| Jordanian 
              FA urges FIFA to ban Israelfrom soccer events
 Ha'aretz3 April 2002
 The Jordanian Football Association urged world soccer's governing 
              body to freeze Israel's participation in FIFA events in the same 
              way it had banned once-apartheid South Africa. The JFA said in a letter obtained Wednesday that its request to 
              FIFA was prompted by Israel's intensified military escalation against 
              the Palestinians and refusal to abide by United Nations resolutions 
              and withdraw from Palestinian territories. "In order to uphold its banner of 'fair play,' the entire 
              football community should freeze Israel's participation in this 
              noble sport," said JFA President Prince Ali in a two-page letter 
              dated Tuesday.
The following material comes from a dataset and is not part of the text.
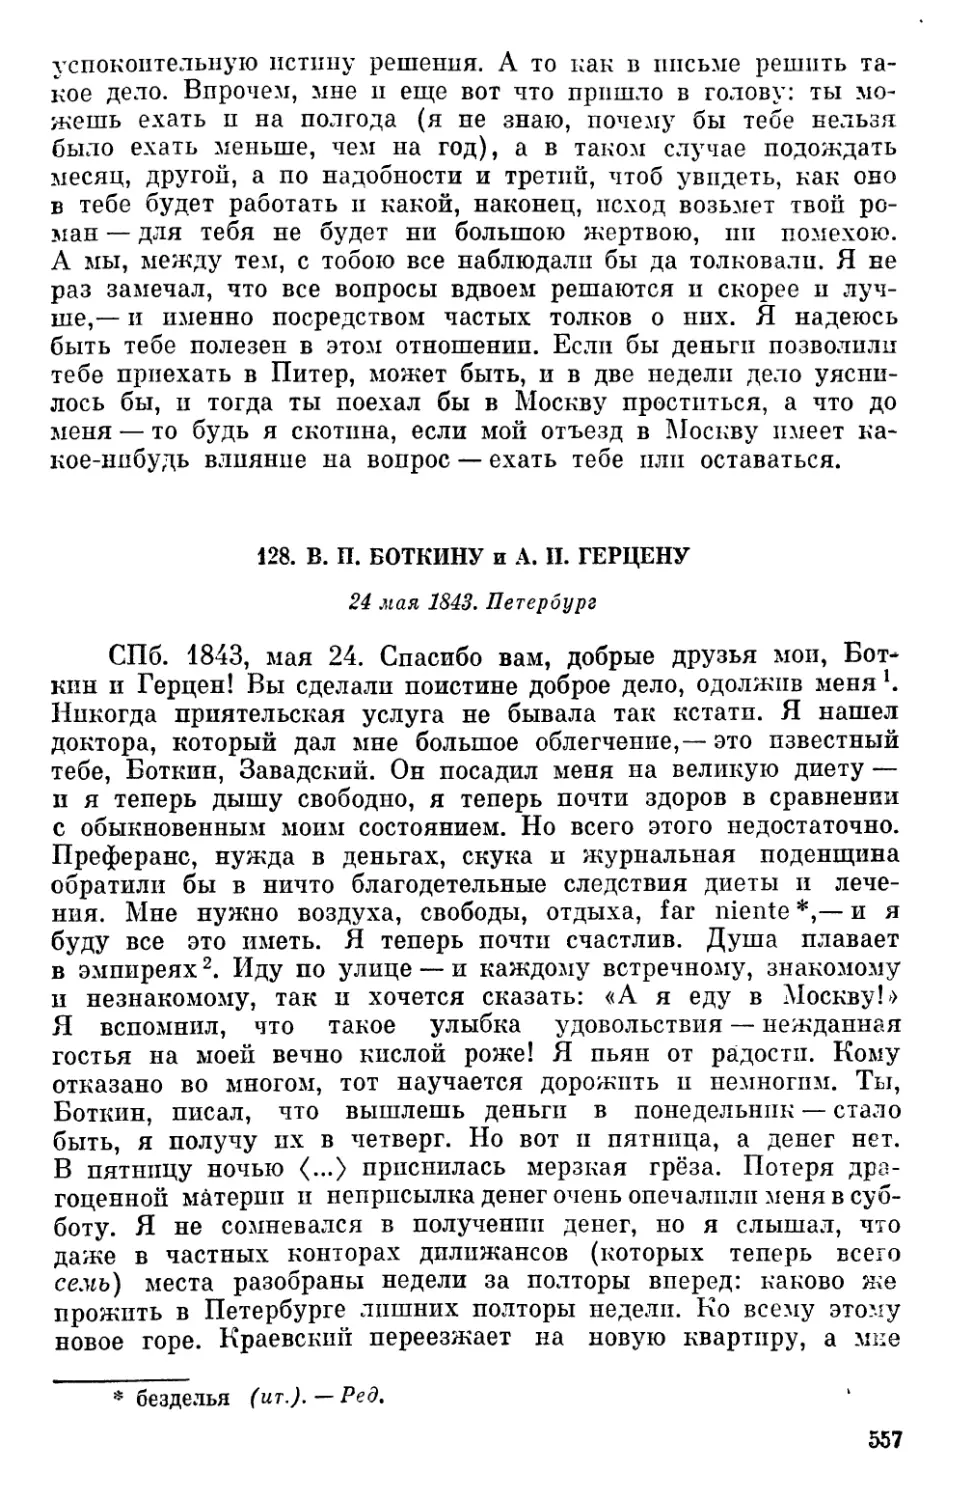 128. В. П. Боткину, и А. И. Герцену. 24 мая 1843
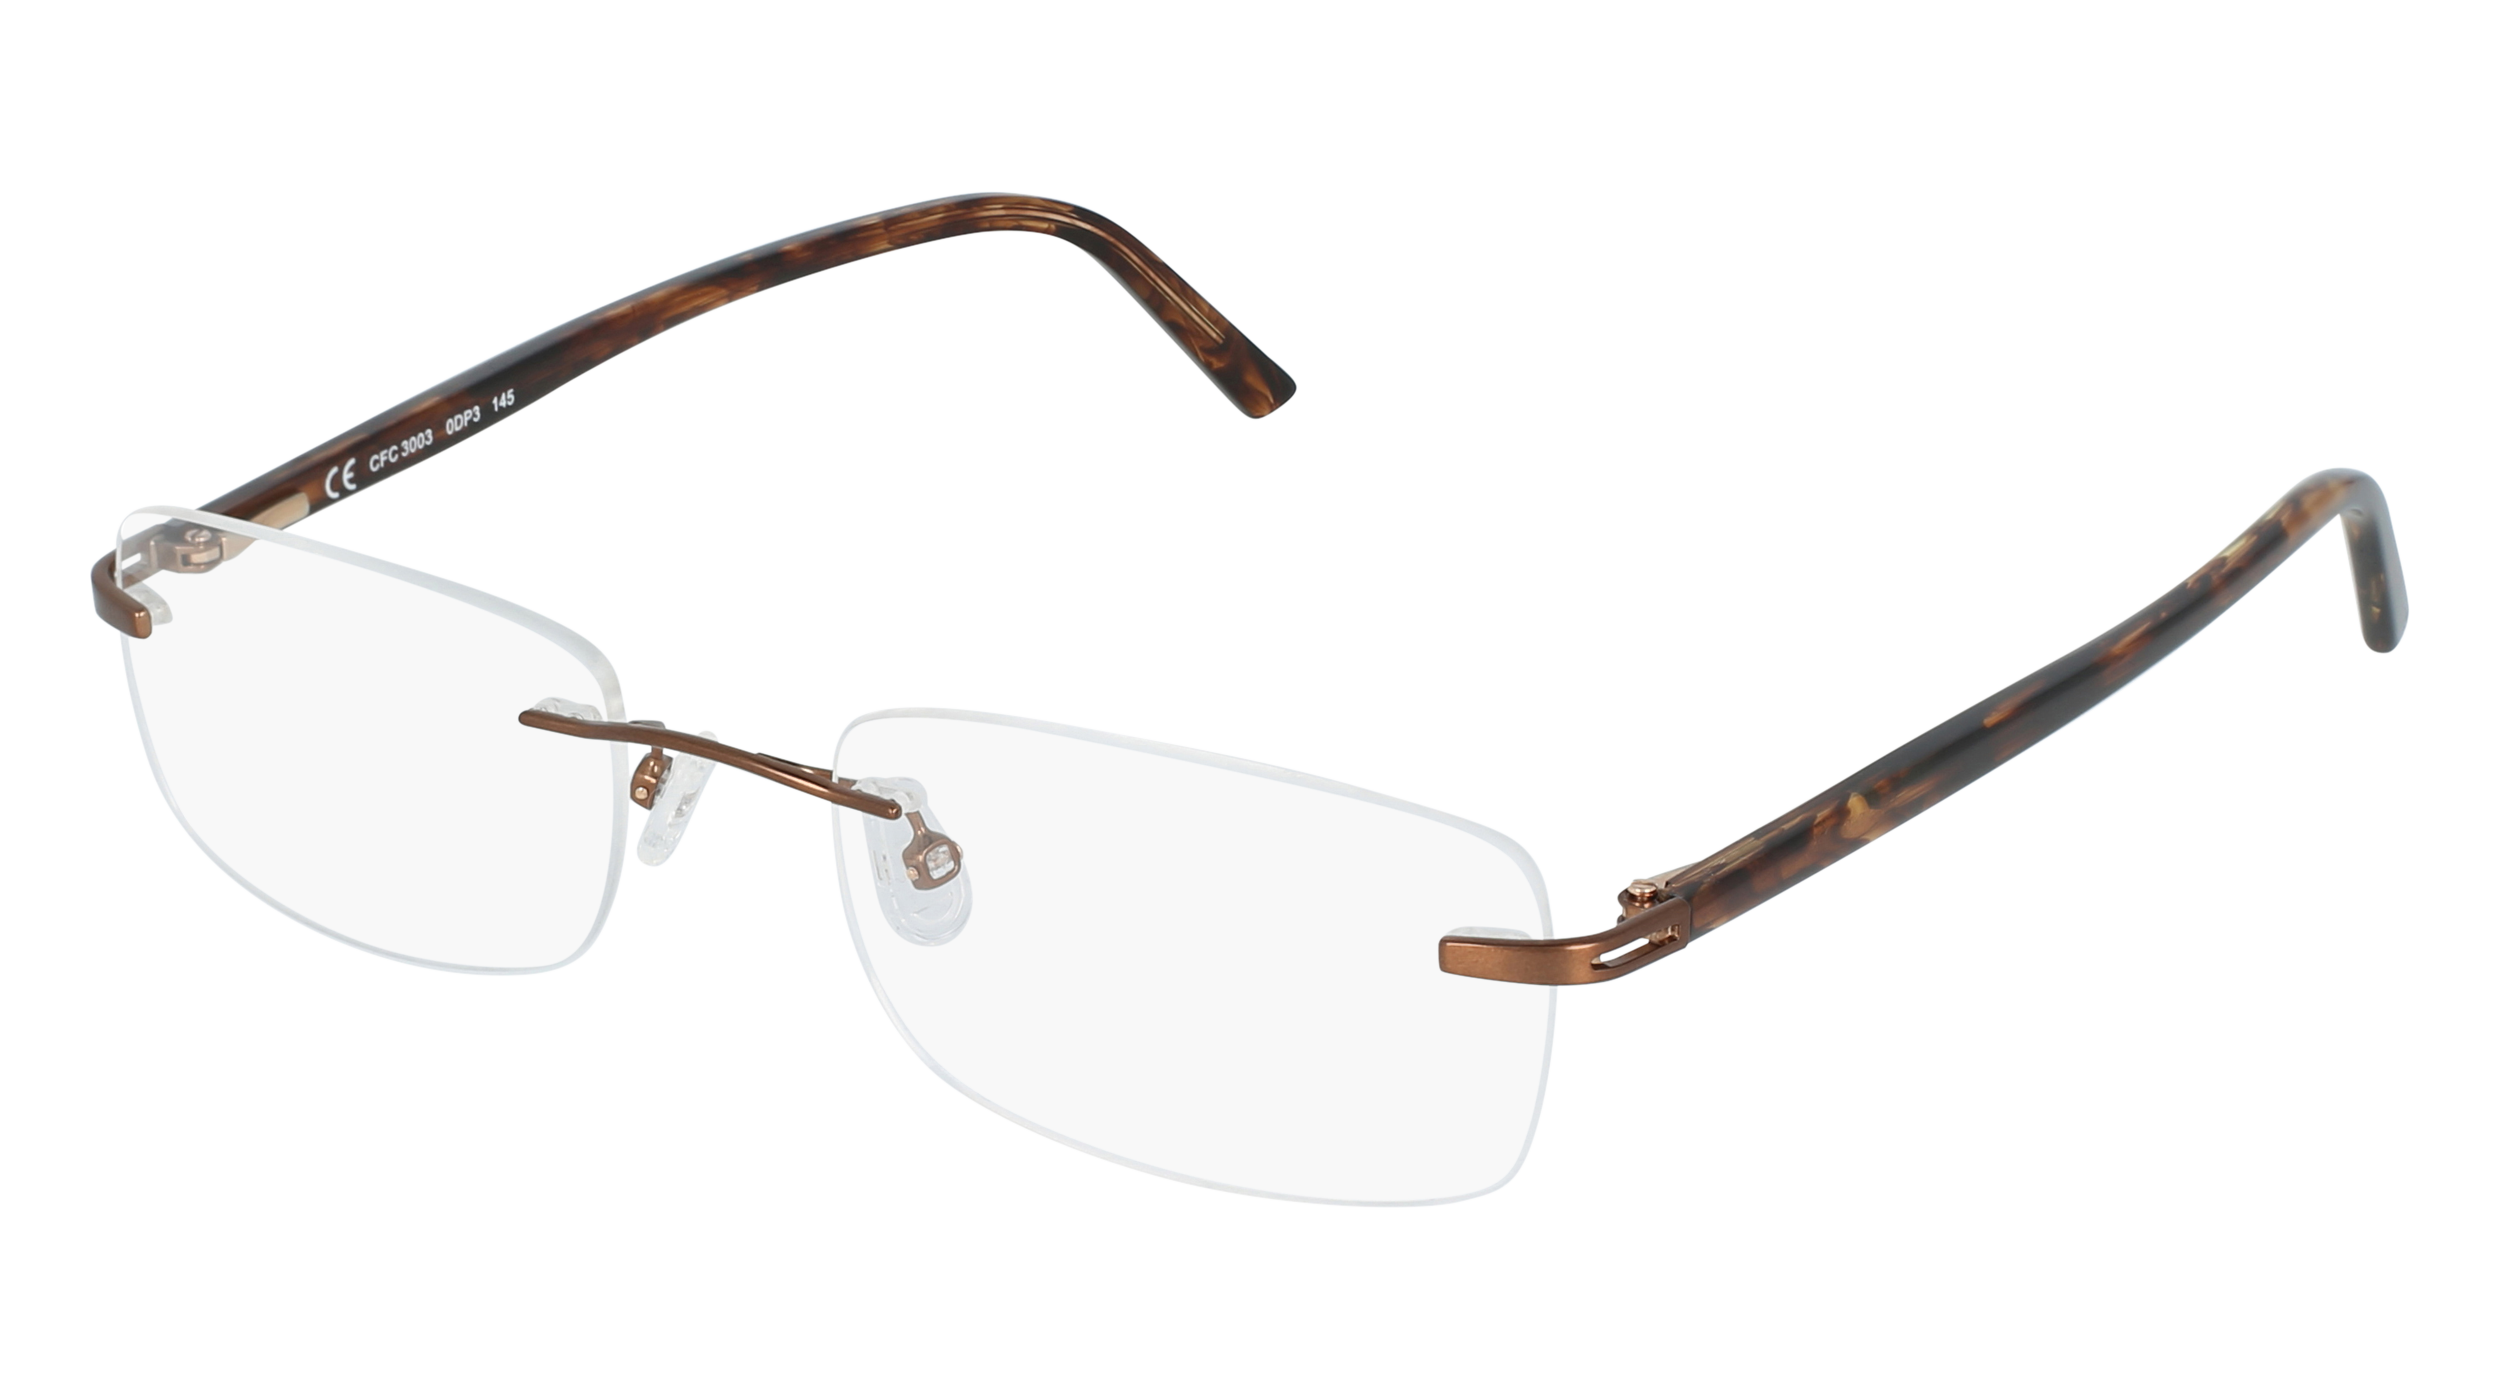 C CFC 3003 men's eyeglasses (from the side)

Ali, who is a half brother of Jordan's King Abdullah II, said Israel 
              should be banished "the same way it (FIFA) did with the former 
              apartheid South Africa." The ban should remain "until such time when Israel abides 
              by international law, United Nations resolutions and the will of 
              the world and restores the dignity and freedom to the occupied people 
              of Palestine," Ali said in his letter. Ali is in charge of an elite commando unit supervising the security 
              of the monarch, but he holds no political portfolio under the constitution 
              that bans royal family members from holding public office. His remarks, however, underline official frustrations with Jordan's 
              policy of peace with neighboring Israel. Amman on Monday threatened 
              to take unspecified measures in its relations with Israel, ratified 
              under a 1994 peace treaty. Senior government officials have said any decision, such as dismissing 
              Israeli Ambassador David Dadonn, will be carefully studied. Ali is also head of the West Asian Football Federation, which groups 
              Syria, Lebanon, Iraq, Iran, Jordan and the Palestinian territories.